I shrugged my shoulders. “For the minstrel show. To be the Chattanooga Shoe-Shine Boy.”
“Is that right.”
“Uh-huh.”
He tapped his foot. I still didn’t look at him. I hadn’t ever really talked to anyone who was colored before, and I remembered the time when Dad and Wayne and me saw Chollie after the minstrel show in August, and Mr. Hollis Wratchford asked Chollie how he thought the Rotary Club did that night and said Chollie was the expert, but I wasn’t sure what he might be the expert of except how colored people were supposed to dance.
Chollie said, “Practicing, huh?” and I nodded my head. Then he said, “Well, you better keep practicing. You better practice a lot.”
I nodded again and said I had to go, the bell was about to ring. As soon as I said it, the bell did ring and I knew I was going to get in trouble for not making it back to homeroom before first period.
I grabbed my shoes and ran off the stage, down the steps to the auditorium, up the aisle to the double doors in the back.
“Wait,” Chollie said, and I stopped just before the doors and turned around. He could have been an actor in a play, standing there all alone in the middle of the stage in the lights with his mop and his bucket. “One more thing, there,” he said. “Don’t you be doing your business outside on my grass anymore, either. I know your daddy, and I know you don’t want me to have to talk to him about a thing like that.”
That made me nervous even though Chollie still didn’t sound mad the way grown-ups usually do when they get on you about something. I wanted to explain it to him, that they wouldn’t let me into the WHITES ONLY, but I couldn’t say that to a real colored person — at least I guessed I couldn’t — especially since I didn’t look colored anymore myself. It was all too confusing. I didn’t even know where Chollie went to the bathroom, either, I realized, and he was still standing there, waiting, so I said, “No, sir,” about doing my business in his grass anymore, even though I had never said “sir” to anybody colored before, either.
“That’s a good man,” Chollie said, and I was happy to hear him say it, although later I didn’t know if he meant me, for minding what he was saying, or if he meant my dad.
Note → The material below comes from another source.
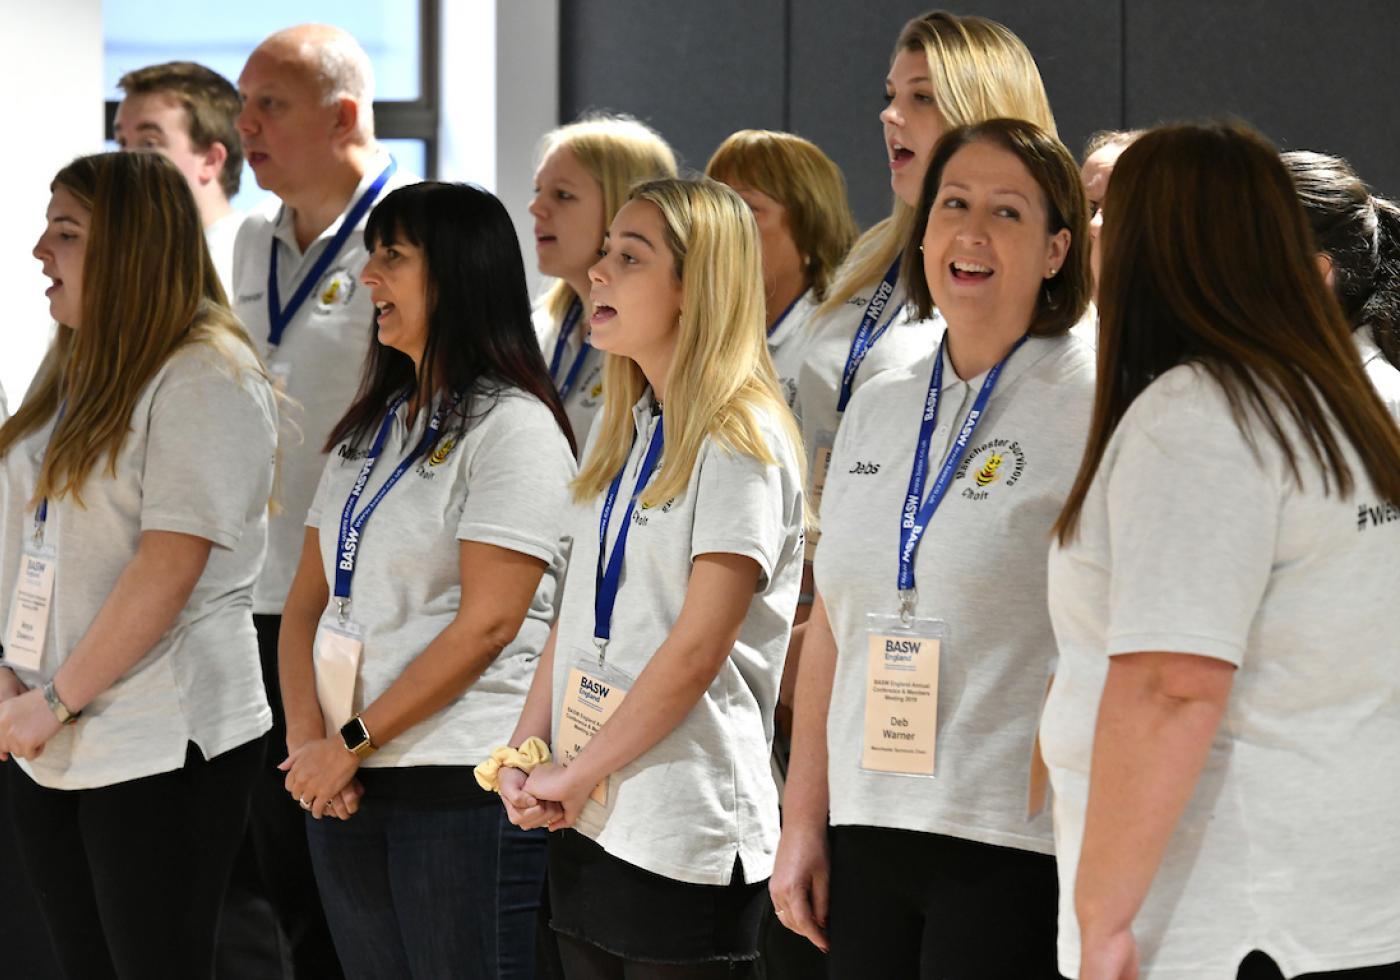 Manchester Survivors Choir

ALL THAT STUFF WITH CHOLLIE happened on a Friday, so I had the weekend to think about where else I could pee from then on at school. I didn’t want him mad at me or telling on me to Dad, but I also didn’t want Head and Moe to get me for going to any of
the whites only bathrooms inside the school, either. It was also the weekend for the Scouts camping trip that would be the first one for guys moving up from Cub Scouts. I might not have had a red belly yet, but I knew everybody was going to get the initiation into Boy Scouts.
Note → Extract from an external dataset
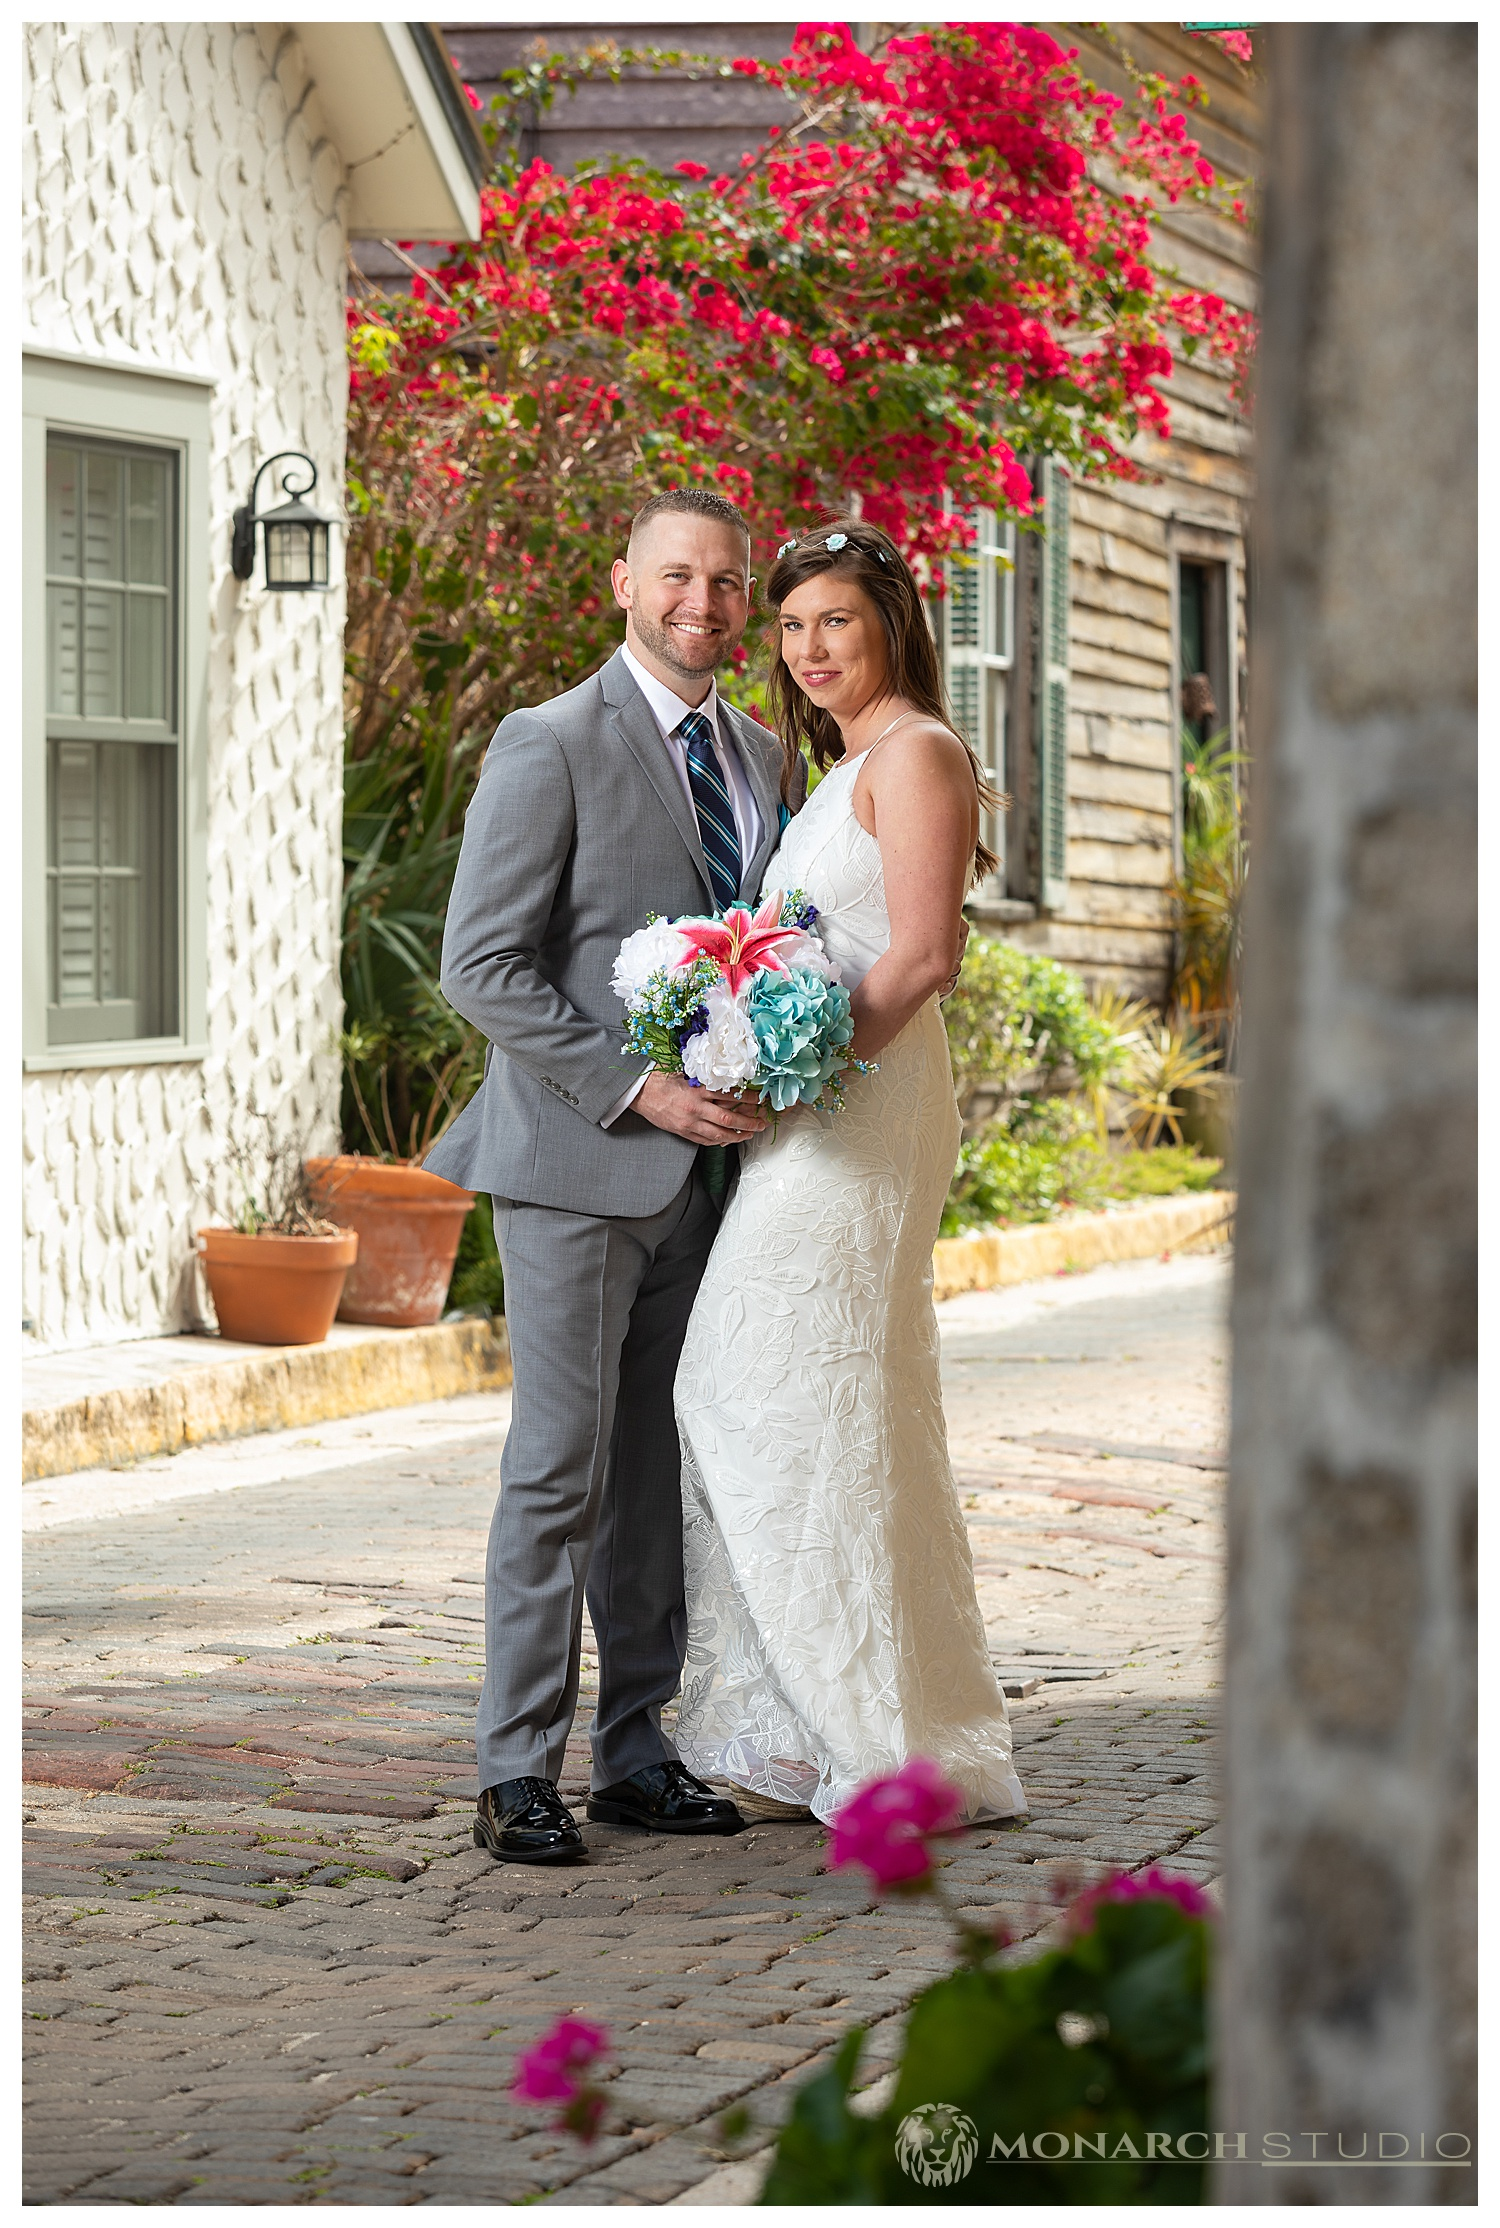 St. Augustine bed and breakfast wedding - 023.JPG

Wayne had gone through it the year before, so that afternoon after school, I begged and begged and promised to do about a hundred weeks of chores from the job jar if he told me what was going to happen. David Tremblay was there at our house — he’d probably had all his Scout stuff packed since July because he was so desperate to get away from his own house and his sorry stepdad. He grabbed Wayne and got him in a full nelson and yelled, “Don’t tell him! Don’t tell him!” The way David saw it was if they made him suffer last year, then everybody else ought to have to suffer this year, too.
Wayne said, “OK, OK,” and David let him go, but I bribed it out of Wayne later on, anyway: all about the snipe hunt, and them blindfolding us and tying us to trees in the woods at midnight, plus other stuff that was even meaner.
We set up camp that night near Lake Kissimmee, on a dry hammock mostly surrounded by swamp. One of the Scoutmasters was Mr. Ferber, a chemical engineer Dad knew from the phosphate mine. He didn’t have any kids of his own, so I don’t know why he was there exactly. He had a metal plate in his head from where somebody accidentally threw a shot put into his skull when he was in high school, and sometimes he let us knock on it with our knuckles, which kind of hurt. Mr. Ferber told us where to raise our tents, and how to do our trenching and stuff, then he set off a couple of DDT bombs around the edges of our campsite to kill all the mosquitoes.